Melacak jejak geopolitik di Bumi Pertiwi dari aspek konflik dan kerusuhan massa berskala besar/nasional di berbagai orde, sepertinya lebih dominan bersifat vertikal daripada (konflik) horizontal. Kenapa begitu?
Singkat narasinya begini. Konflik vertikal ialah konflik antara kelompok/golongan tertentu di masyarakat versus rezim penguasa pada masanya; sedang konflik horizontal ialah benturan antarwarga, golongan atau bentrok antarsuku/agama/ras (SARA). Intinya, bentrok sesama warga dan sesama anak bangsa karena faktor sesuatu. Apa itu “sesuatu”? Nanti diurai sekilas.
Kasus DI/TII di orde lama, misalnya, atau PRRI, G30S/PKI dan seterusnya merupakan contoh pertentangan ideologis antara segolongan anak bangsa melawan pemerintah sah dan/atau menolak kebijakan pusat.
Kemudian penolakan kebijakan tersebut diekspresikan dalam gerakan bersenjata, makar bahkan kudeta; sedang kasus Malari 1974 lebih pas disebut kerusuhan sosial (bukan konflik) meski menunya hampir sama dengan konflik vertikal yakni: “menolak kebijakan pusat”.
Kemudian ada isu GAM, isu OPM —ini juga konflik vertikal— meski secara embrio bersemi di era orde lama namun berkembang serta meletus di zaman orde baru. Kasus GAM dianggap usai melalui Kesepakatan Helsenki di era SBY-JK, sedang isu OPM terus berlanjut hingga kini meskipun sporadis, tetapi gaungnya mengglobal karena ada endorse dari anasir asing/negara lain.
Kerusuhan Mei 1998 dinilai juga bersifat vertikal karena “motif politik”-nya ingin menjatuhkan Pak Harto pada satu sisi, sementara korban amuk massa secara horizontal ialah etnis Cina sebagai tumbal (politik) di sisi lain. Apa boleh buat. Setiap tujuan pasti membawa korban, dan hal itu sudah jamak di dunia politik.
Di era reformasi, serpihan konflik orde lalu yang tertinggal adalah OPM Papua dan Poso.
Isu Poso sebenarnya bermula dari konflik horizontol (Islam versus Kristen), namun berubah menjadi konflik vertikal.

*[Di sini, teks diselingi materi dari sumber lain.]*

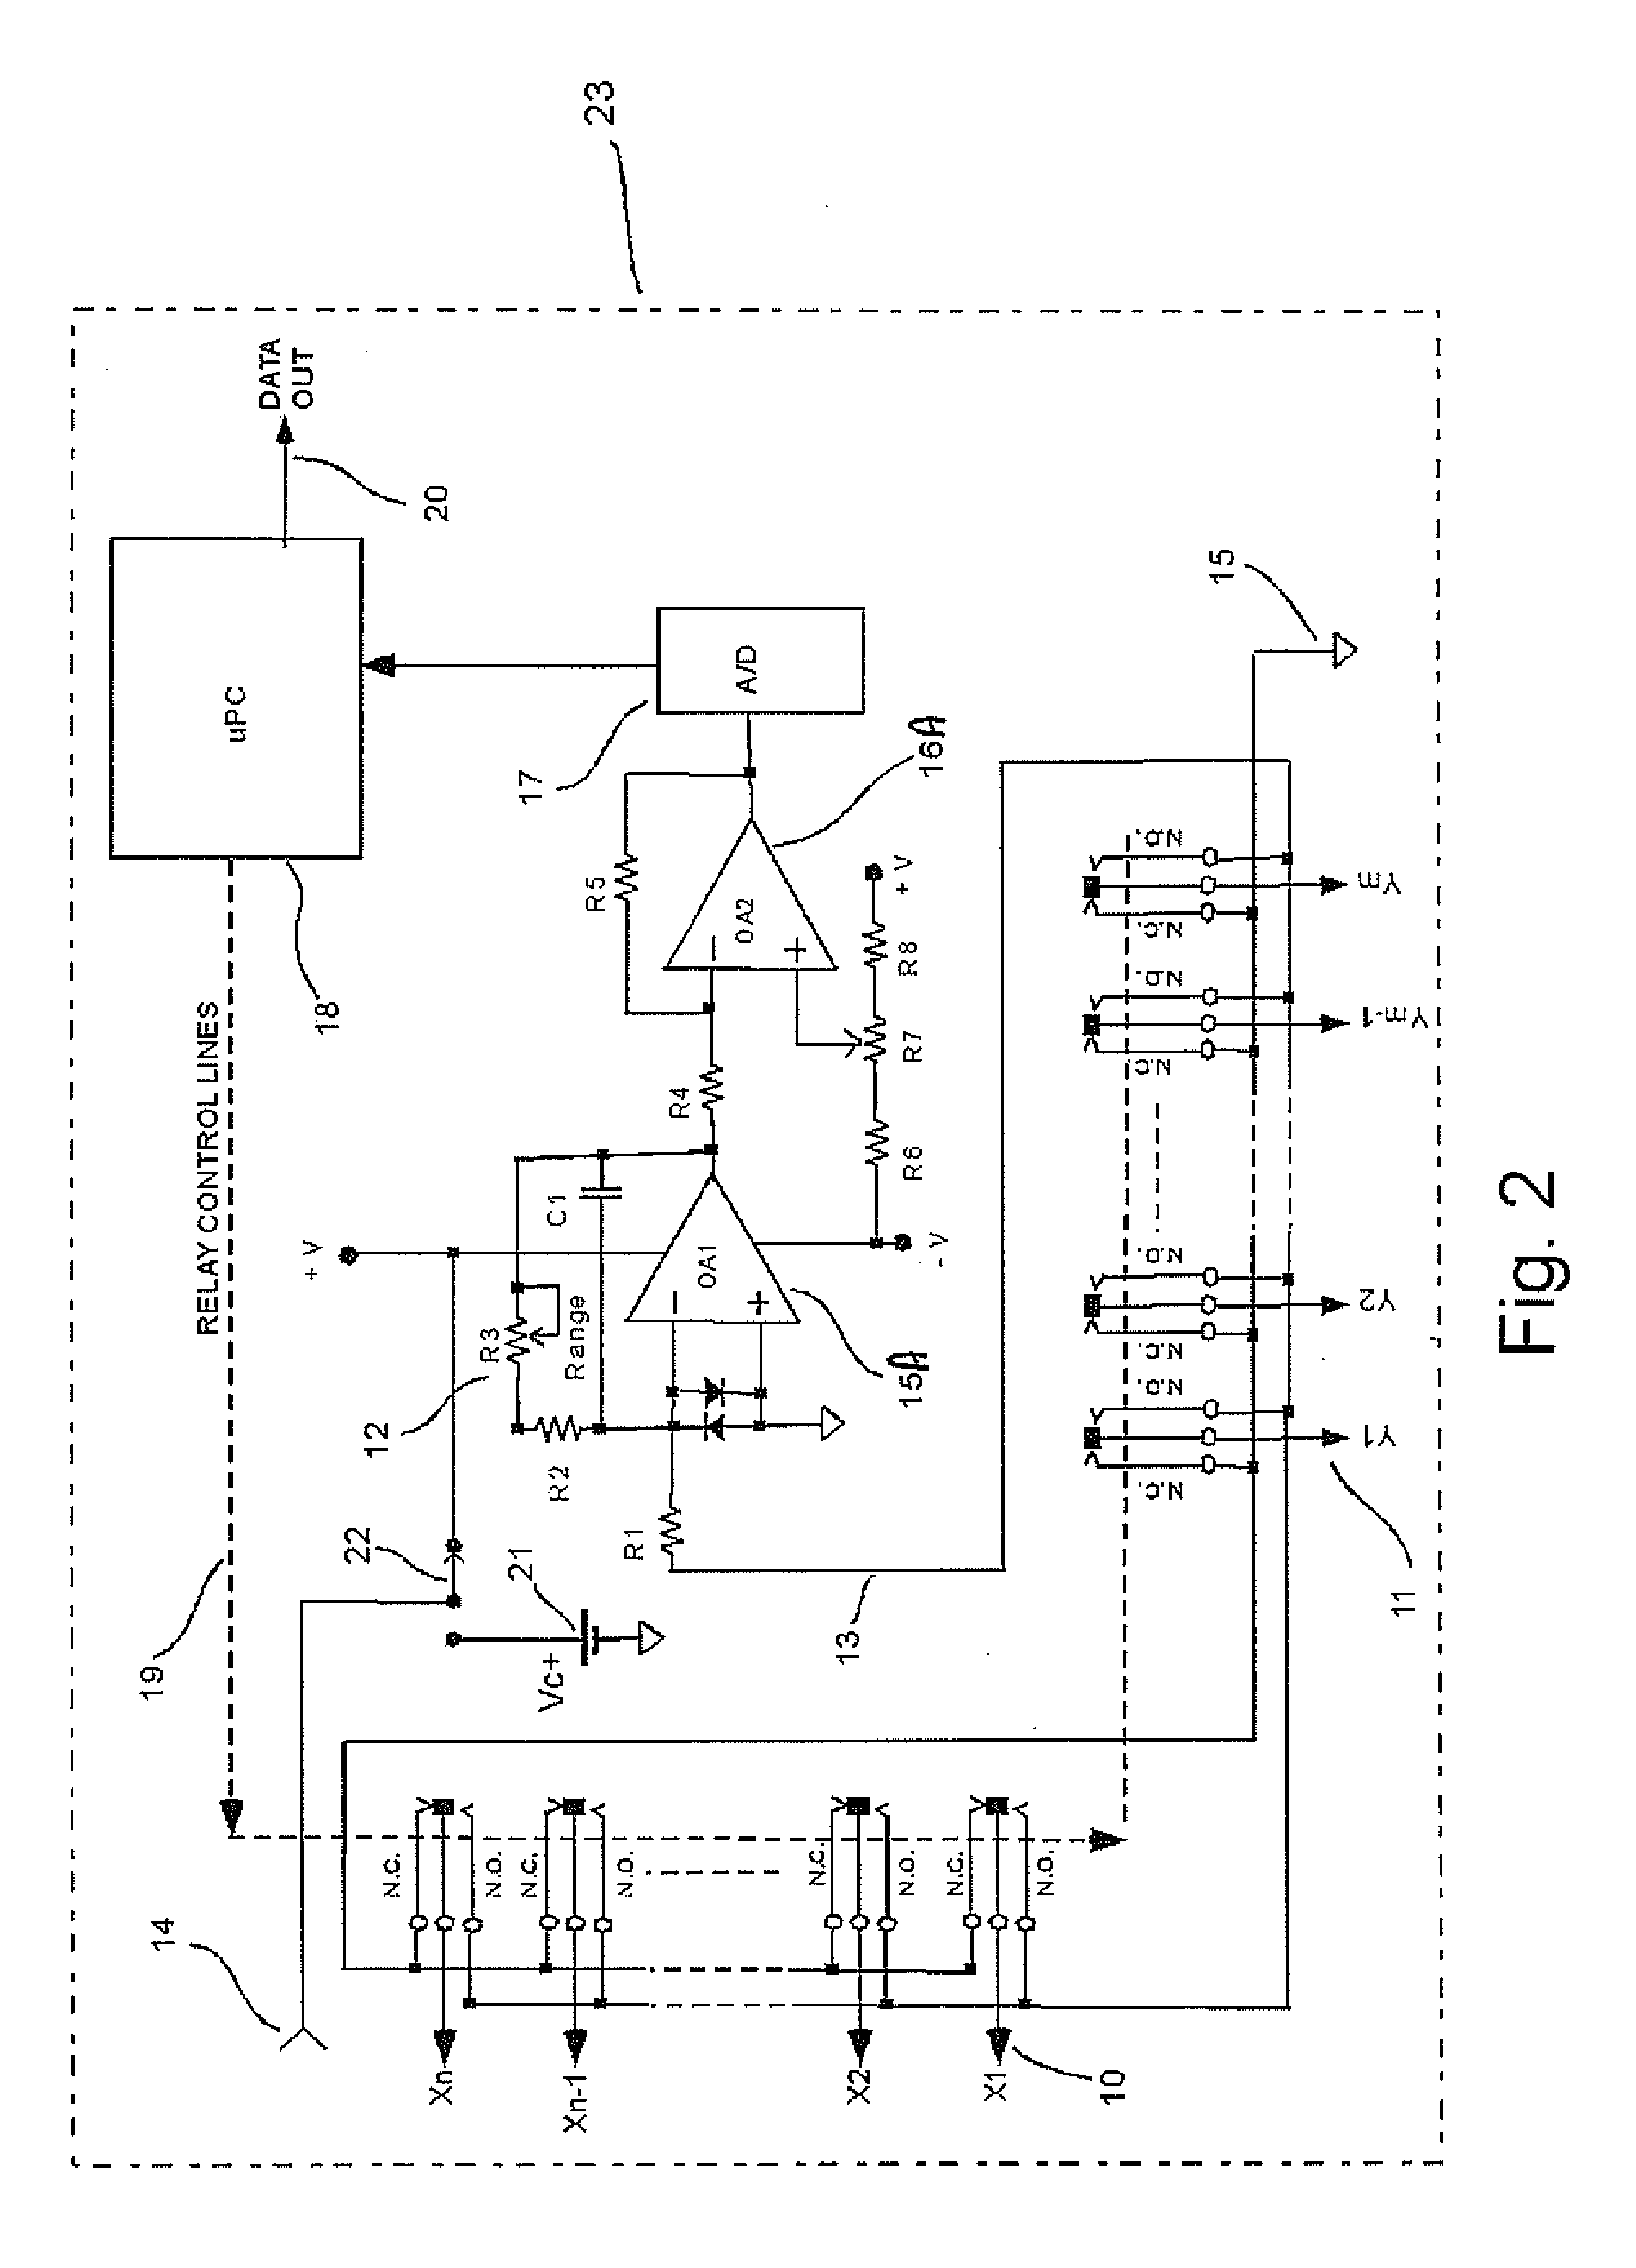 Method and apparatus to detect and locate roof leaks

Dan tak boleh dilupakan pada masa transisi orde di era Pak Habibie dulu —awal reformasi— ada drama lepasnya Timor Timur dari Bumi Pertiwi karena faktor jajak pendapat yang ‘digarap’ oleh PBB. Kerusuhan Ambon dan konflik Dayak-Madura pun juga meletus di era transisi orde. Kedua isu tadi tergolong konflik horizontal bersumbu ledak: “suku asli versus pendatang”.
Memang sempat ada upaya menggeser isu tersebut menjadi isu agama (bentrok antaragama), tetapi gagal dan gagal, misalnya, meletusnya konflik Poso karena faktor larinya para tokoh kerusuhan Ambon ke daerah lain sebagai upaya meluaskan konflik, namun karena kesiapan antisipasi pemerintah maka konflik pun berhenti dan terisolasi di Poso.
Memang, jika yang dibenturkan isu sentimen agama niscaya konflik cepat membesar lagi meluas. Dalam konflik Sampit, para tetua Dayak cukup cerdas, karena mereka menjaga konflik tetap ber-isu Dayak versus Madura sehingga dalam konflik tersebut tidak ada masjid di bakar, tak ditemui pembantaian di tempat ibadah dan lain-lain.
Itulah sepintas jejak geopolitik dari perspektif konflik skala nasional baik vertikal, kerusuhan sosial, maupun konflik horizontal.
Pertanyaan filosofinya, “Apakah poin (tinjauan) geopolitik terhadap fakta konflik dari sisi penyebab, dampak dan nilai manfaat?”
Ya. Geopolitik adalah ilmu negara. Science of the state, kata Frederic Ratzel. Ada empat dimensi dalam geopolitik yakni teori/dimensi ruang; dimensi frountier; dimensi keamanan negara dan bangsa; dan dimensi politik kekuatan. Inti geopolitik adalah ruang (living space) atau lebensraum. Namun kajian kali ini berbasis dimensi keamanan negara dan bangsa sebagai pisau bedah karena pintu masuknya tentang kegaduhan keamanan negara.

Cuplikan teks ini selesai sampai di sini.